(Luis Cornelio, Headline USA) Kansas has formally nullified the driver’s licenses of more than 1,000 transgender-identifying individuals following a state law requiring residents to list their biological gender on identification.
Roughly 1,700 individuals were notified Monday by the Kansas Department of Revenue that the new law bars government documents from listing a gender different from the birth certificate.
“Please note that the Legislature did not include a grace period for updating credentials,” the department wrote in a letter, according to the Kansas City Star.
“That means that once the law is officially enacted, your current credentials will be invalid immediately, and you may be subject to additional penalties if you are operating a vehicle without a valid credential,” the letter added.
The law, named the 2026 ID Revocation Law or Senate Bill 244, was passed by GOP veto-proof supermajorities in the state legislature on Jan. 18.
Kansas Gov. Laura Kelly, a Democrat, vetoed the bill on Feb. 13, calling it “ridiculous” and “poorly drafted.”
“Not only will this bill keep brothers from visiting sisters’ dorms and husbands from wives’ shared hospital rooms, it will cost Kansas taxpayers millions of dollars to comply with this very vague legislation,” Kelly claimed at the time.
“It is nothing short of ridiculous that the Legislature is forcing the entire state, every city and town, every school district, every public university to spend taxpayer money on a manufactured problem,” she added.
In response Republicans in the state Senate voted 31-9 to override the veto, followed by the House, which voted 87-37.
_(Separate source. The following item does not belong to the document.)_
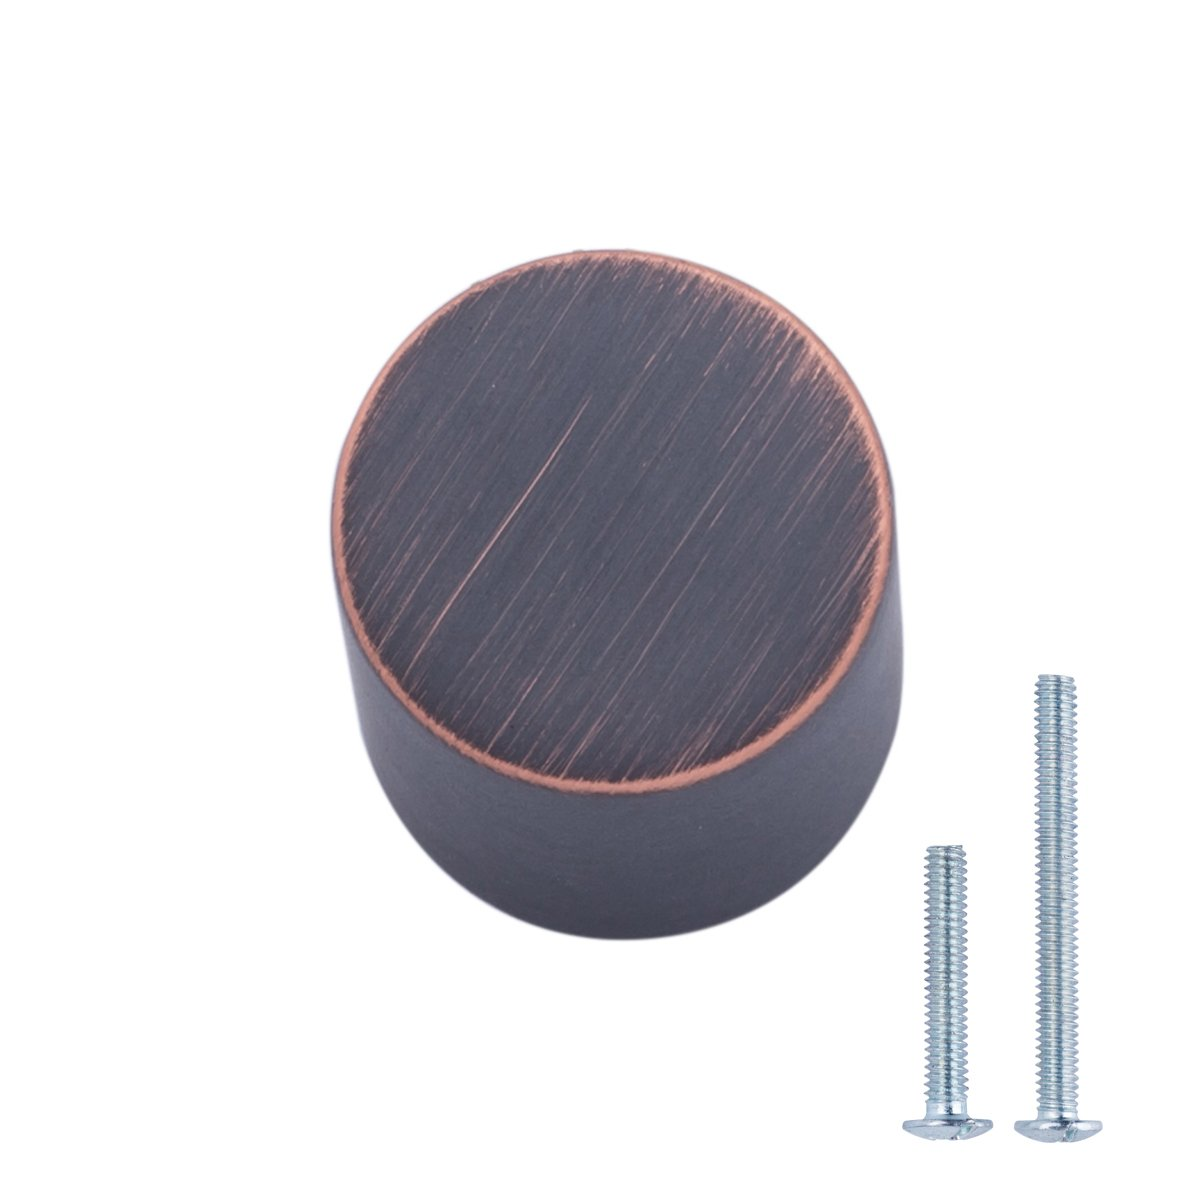 AmazonBasics Whistle Cabinet Knob, 0.75'' Diameter, Oil Rubbed Bronze, 25-Pack by AmazonBasics (Image #1)

The law also limits transgender-identifying individuals to government bathrooms that correspond to their biological gender and imposes fines on government bodies that violate it.
Additionally, it criminalizes repeat offenders with potential misdemeanors and allows civil legal action against individuals who encounter transgender-identifying people in those bathrooms.
State Senate President Ty Masterson, a Republican, called the law “restored sanity.” He countered Kelly’s claims, stating her veto “would have forced our mothers, sisters, wives and daughters to share their bathrooms with biological men in government buildings.”
The law effectively makes Kansas the first state to retroactively cancel driver’s licenses and IDs it previously issued to transgender-identifying individuals, according to reports.